Enslaved blacks hid in false bottom wagons, boats or underground to make the journey north to freedom. Some of them passed right through northwest Ohio.

SYLVANIA, Ohio — June 19 marks a huge celebration of community and freedom across the country.

The occasion is known as Juneteenth, commemorating the day the last slaves in Galveston, Texas got word they were free in 1865.  It was two-and-a-half years after President Abraham Lincoln signed the Emancipation Proclamation. 

RELATED: Here's why it took two years for enslaved Texans to learn they had been freed

Juneteenth recently becoming a federal holiday is a historic moment and a time of true reflection for so many people.

RELATED: Juneteenth officially a federal holiday as Biden signs bill into law

Though, to appreciate what this means, it’s also important to understand our past. The fight for freedom includes the Underground Railroad. Enslaved blacks were willing to risk their lives, hide in false bottom wagons, boats or underground to make the journey.

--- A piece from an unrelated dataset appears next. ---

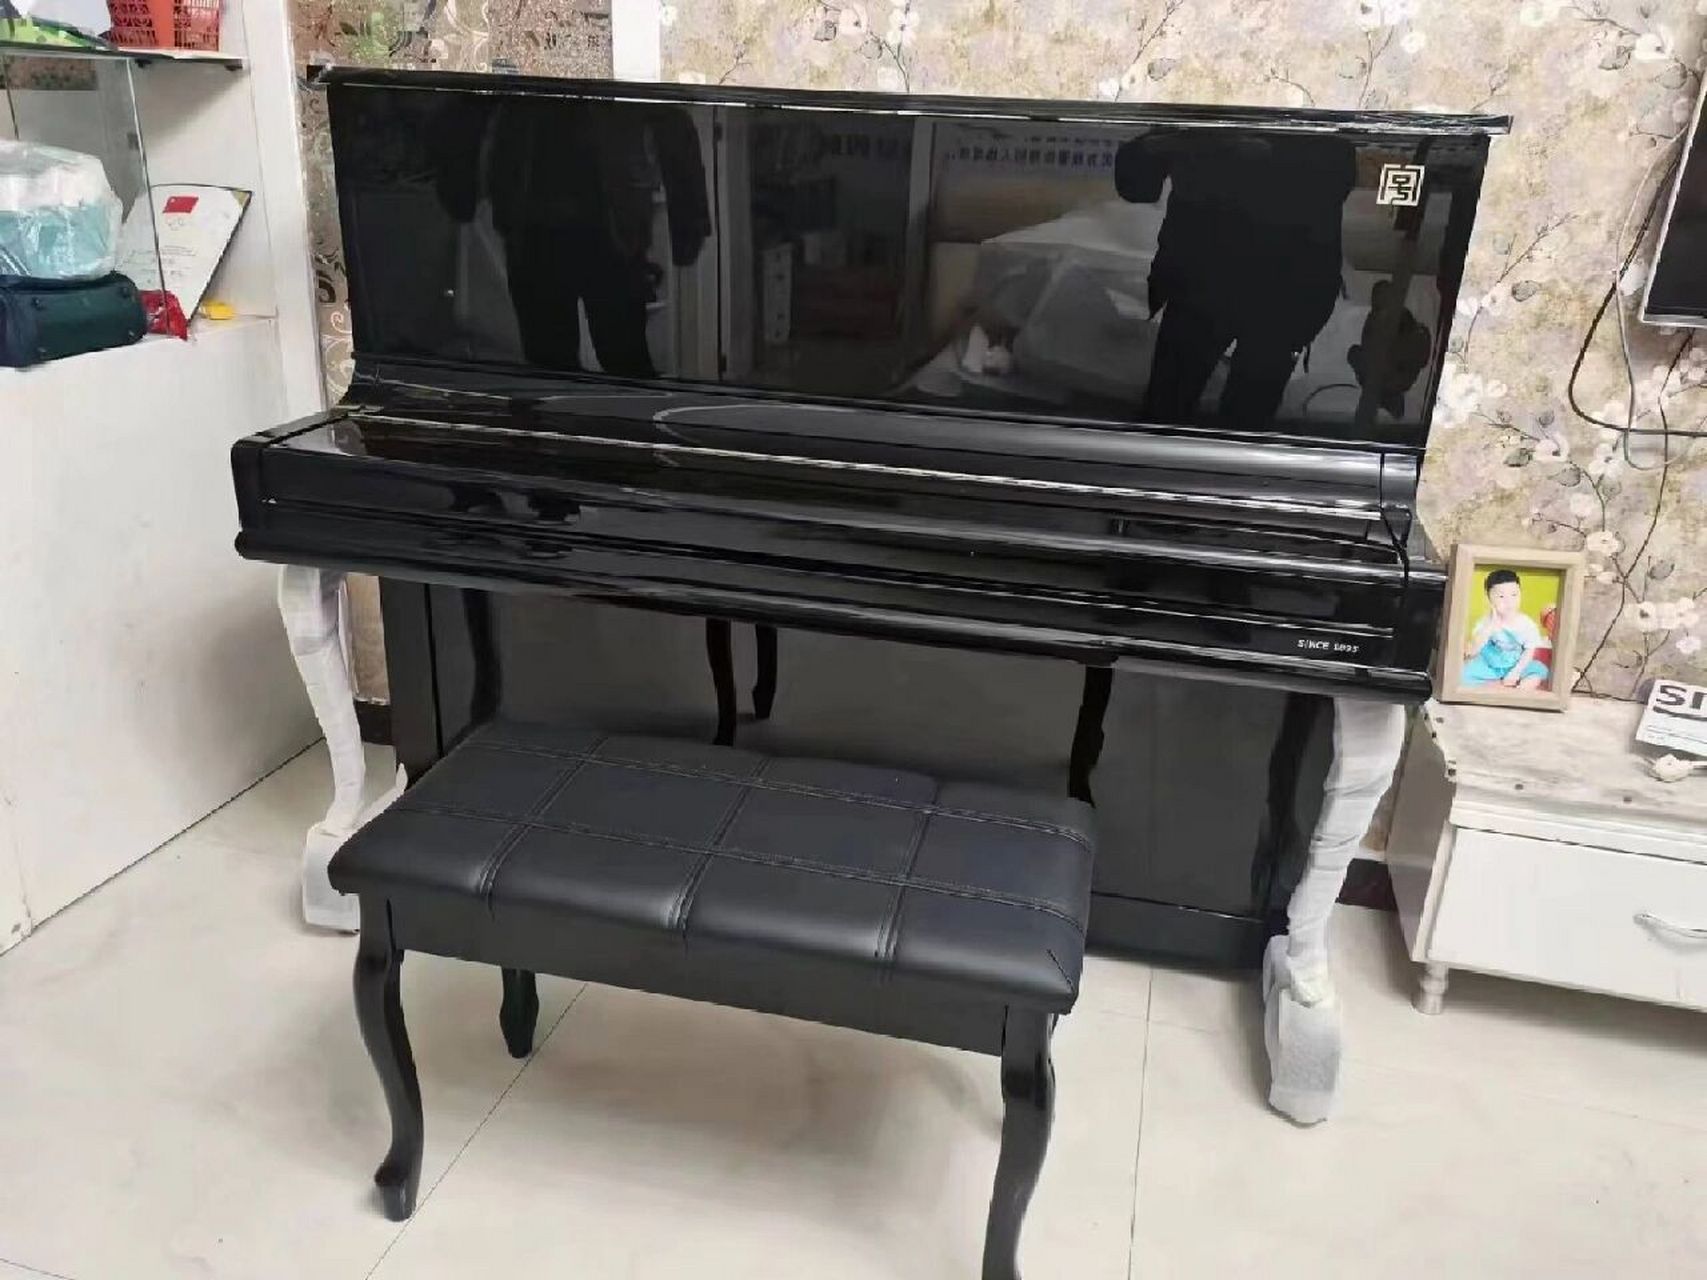 67上海施特劳斯钢琴se122一台,安全送达!

Some of them passed through Northwest Ohio.

The tracks were invisible but the conductors and stops along the way were very real.

“It was a system of both people and places; those places could be homes, businesses, churches,” explains Sylvania’s Lathrop House site manager Sue McHugh. 

 “[Those who were enslaved] did it on foot at night, they actually followed some of our canals and used those as a way to travel using the towpath at night when the canal was not being used,” said McHugh.

The journey north to freedom on the Underground Railroad was long, hard and dangerous, but worth it for so many looking to escape slavery in the south.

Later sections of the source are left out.